A beep informs me I have a new message. Never a good sign ten minutes before the arrival of your date. My mobile is in the bedroom. I stand in front of my own full length mirror where I can see my eyes. They look sad. They know the dress, shoes, immaculate eye shadow and expectation have been a waste of time. I take a bigger glug from the bottle and enter the code on my phone.
Running a little late, should be there in fifteen.
That’s unexpected. I skip to the fridge in the lounge-diner and put the wine back. Pacing myself is important if I don’t want to fall over in Scarlett’s shoes. I slide the high heels on. Damn, they make me feel good.
I decide to nip out for more booze in case he’s a no-show. This end of Eastfield Road is a rough place at night. There’s still plenty of people hanging around in doorways and sitting on car bonnets despite the cool wind and swirling mist. I smile at the guy behind the counter of the off-licence. I’d hate his job. It must be a constant battle against the shoplifters, but I feel safe inside the shop with all the security cameras, and it’s warmer than my flat.
After perusing most of the range, I purchase my usual cheap bottle. It tastes fine if it’s freezing cold, otherwise it makes me gag. I step outside and pet the shivering wee spaniel tied against the bin. It’s called Pebbles or Peebles. The elderly owner is Scottish and talks fast. As I step away, a group of young lads appear around the corner with an enormous dog, whose heavy breath steams in the air. It pads along, muscles rippling under the damp fur. It’s immediately clear who’s taking whom for a walk.
I step back and look at the vulnerable Pebbles, who’s seen the threat. There’s nothing he can do. He whimpers and accepts his fate. I’m not shocked either. It’s the way it
is around here. Survival of the fittest and law of the jungle, although usually the violence is between men. The boy holding the lead has sensed the danger. I pray for the Scotsman to leave the shop.

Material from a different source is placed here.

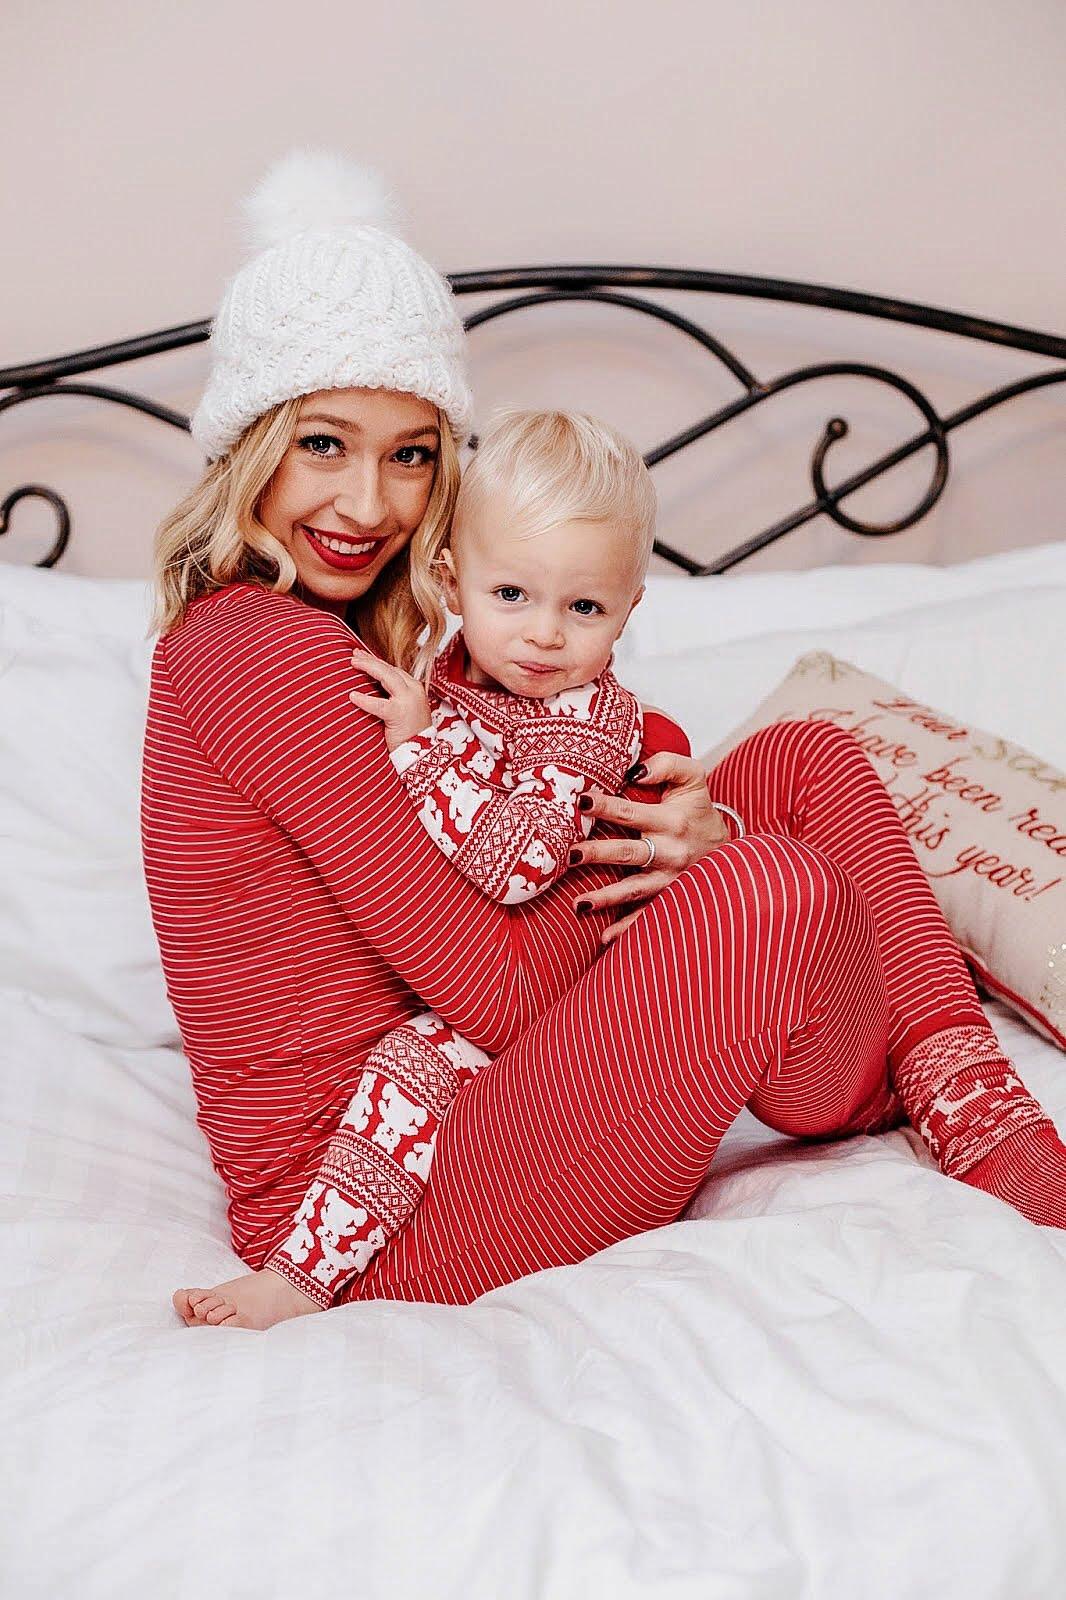 Her Name Is Sylvia  Christmas Pajamas - FOR THE WHOLE FAMILY edc767e25

‘Woah, Ace. Stop, stop. Shit!’ panics the dog walker.
The rottweiler easily pulls himself over to the bin and stares down at a crouched-in-submission Pebbles, and opens his mouth. Butting in around here doesn’t pay. Ace isn’t hungry, he’s showing his strength. I don’t want to be his focus or attract the attention of the gang, but as Ace’s head lowers, I whistle. He stops and turns his huge head in the direction of the sharp sound. Empty eyes study me for a few seconds while he considers if I have anything of interest.

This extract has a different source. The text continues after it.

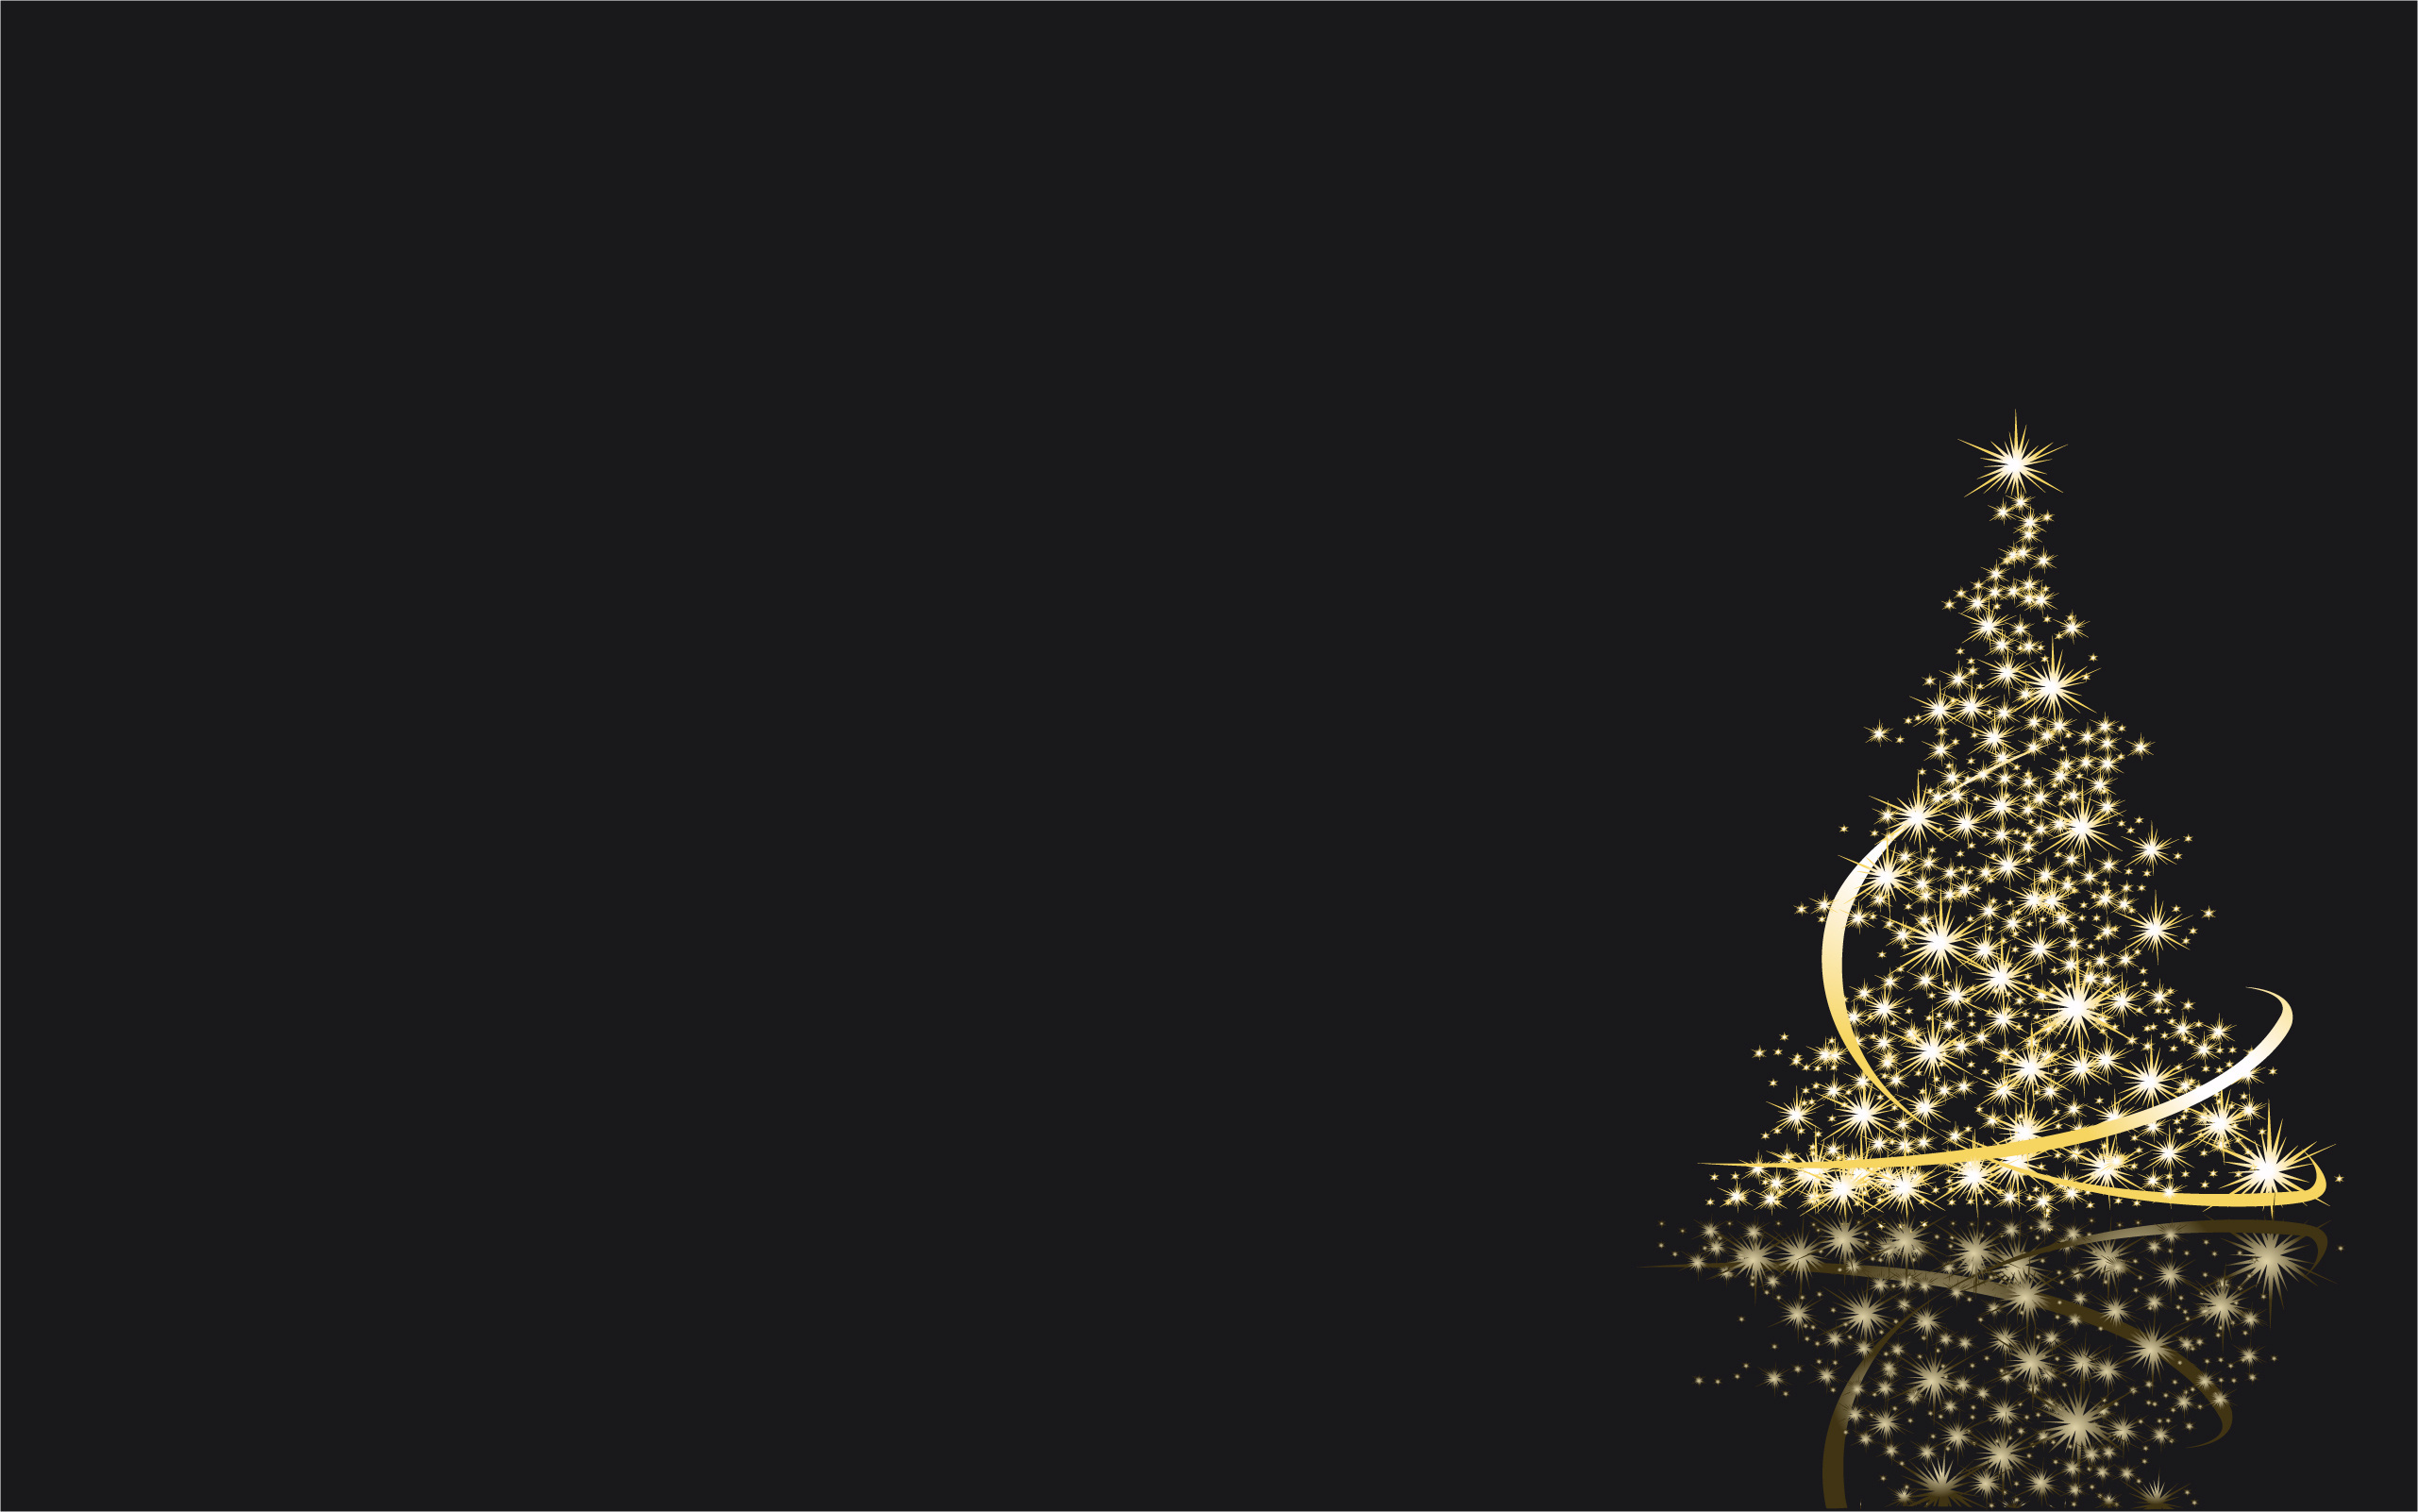 Blue Christmas Tree Forum Avatar: Boże Narodzenie Tapeta HD

I can almost sense his brain processing centuries of breeding, which tell him humans are his friend. He returns his gaze to Pebbles, who is not human. Sensing Ace’s body tensing to strike, I whistle again, but this time Ace only blinks in reply.
‘Help me, you twats,’ the desperate boy shouts at his mates as he tries to pull the beast back. At that moment, the Scotsman steps out of the shop, unclips Pebbles and whisks him away, carrying him down the street. He doesn’t look around and his expression doesn’t change. He’s lived here long enough to know the rules. I leave swiftly, too, and quickly forget.

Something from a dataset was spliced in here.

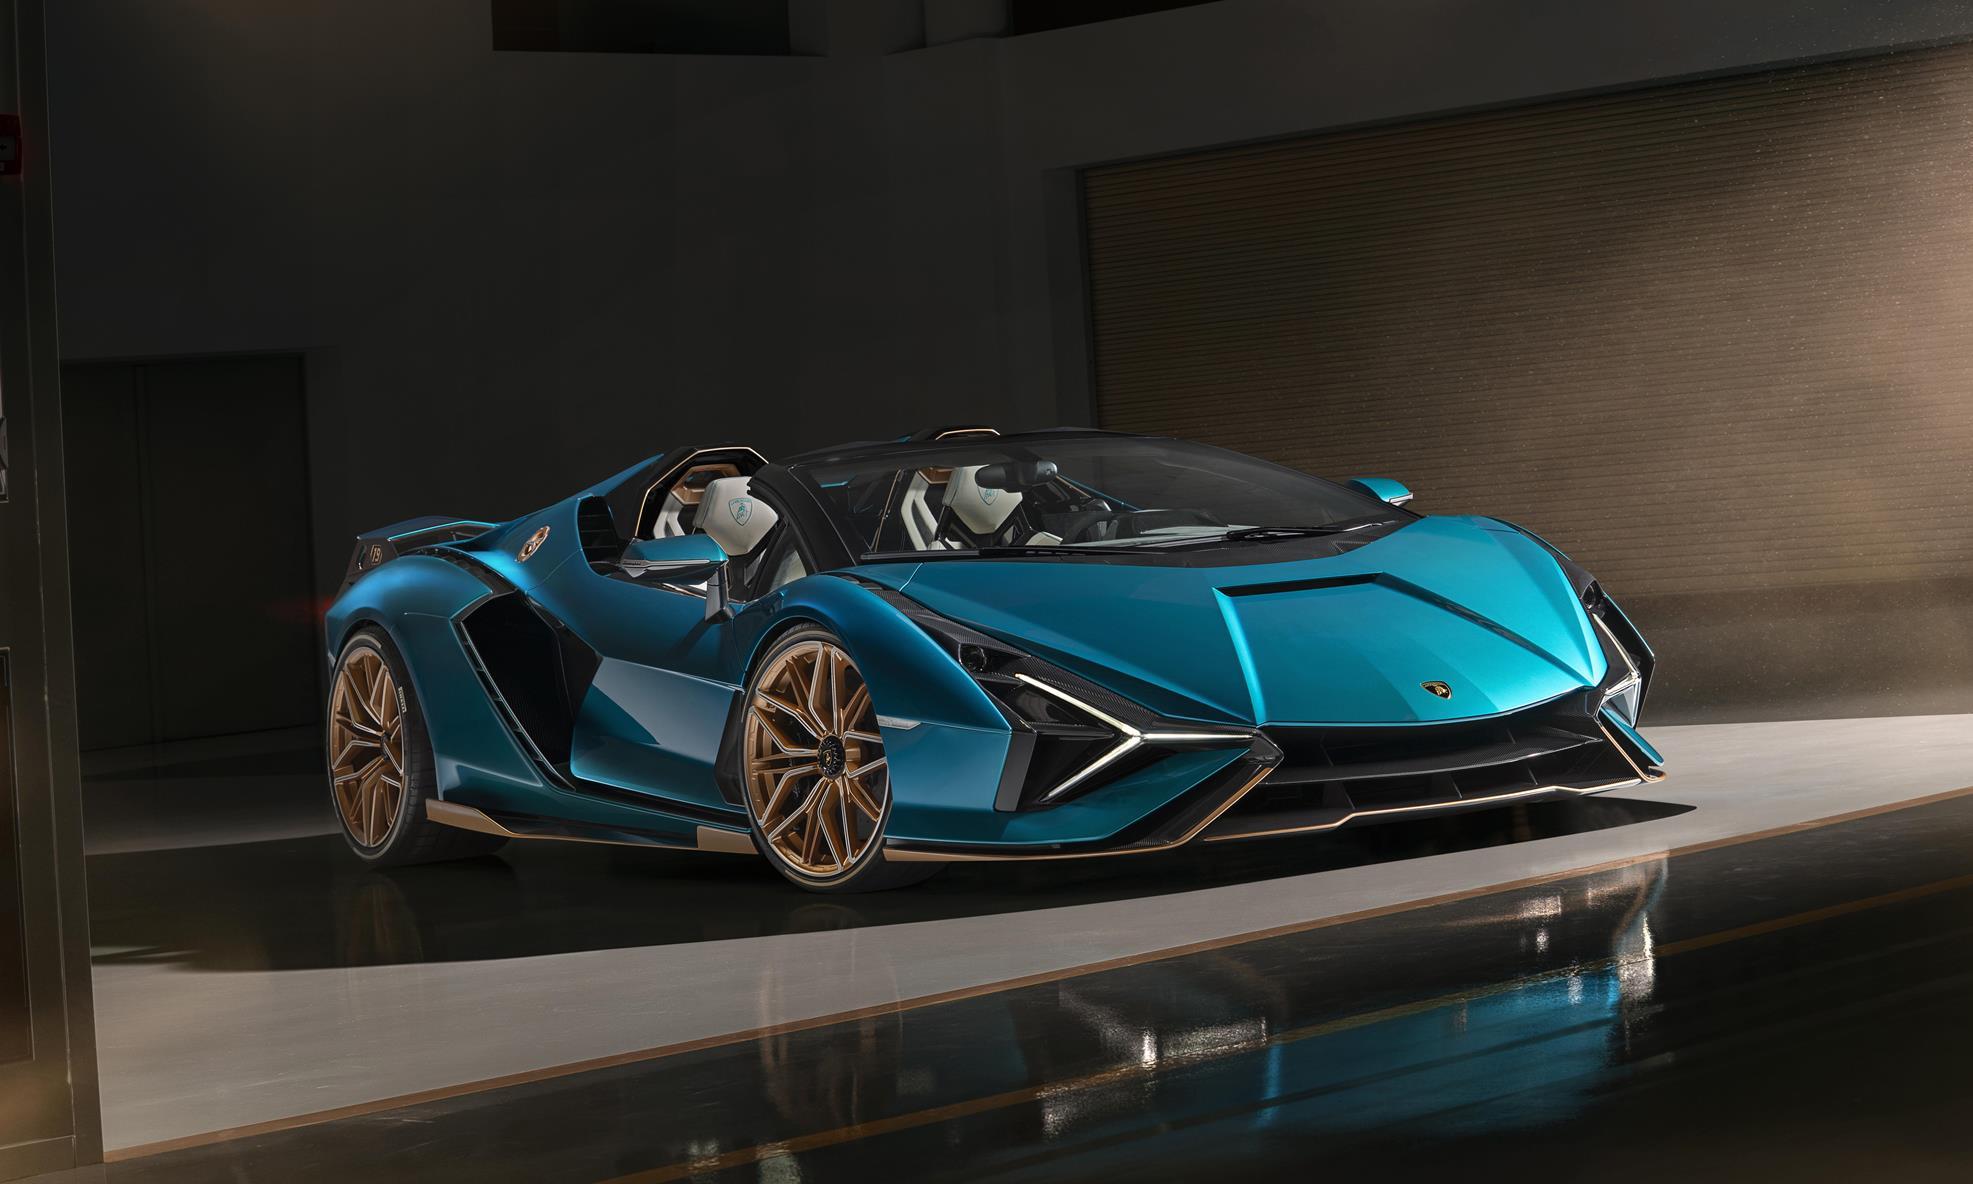 Lamborghini Sian Roadster front

Back home, I sit on one of the stools at the kitchen pull-out table. This is the part I enjoy most: the anticipation of the date. At this point, it’s all excitement and nervousness, although as the years have passed, I’ve felt less of both.
Nevertheless, I find myself humming the song about going to the chapel, and going to get married, when the doorbell sounds. A deep breath, then I let him in. When I open the door, I actually bark the beginnings of a howl of laughter before I prevent the rest of it falling out.
He doesn’t notice because he breezes past me with a bag containing clinking bottles and another that leaves a waft of Chinese food in its wake. He spots the kitchen, takes three bottles out of the bag and puts them in the fridge, despite two of them being red wine.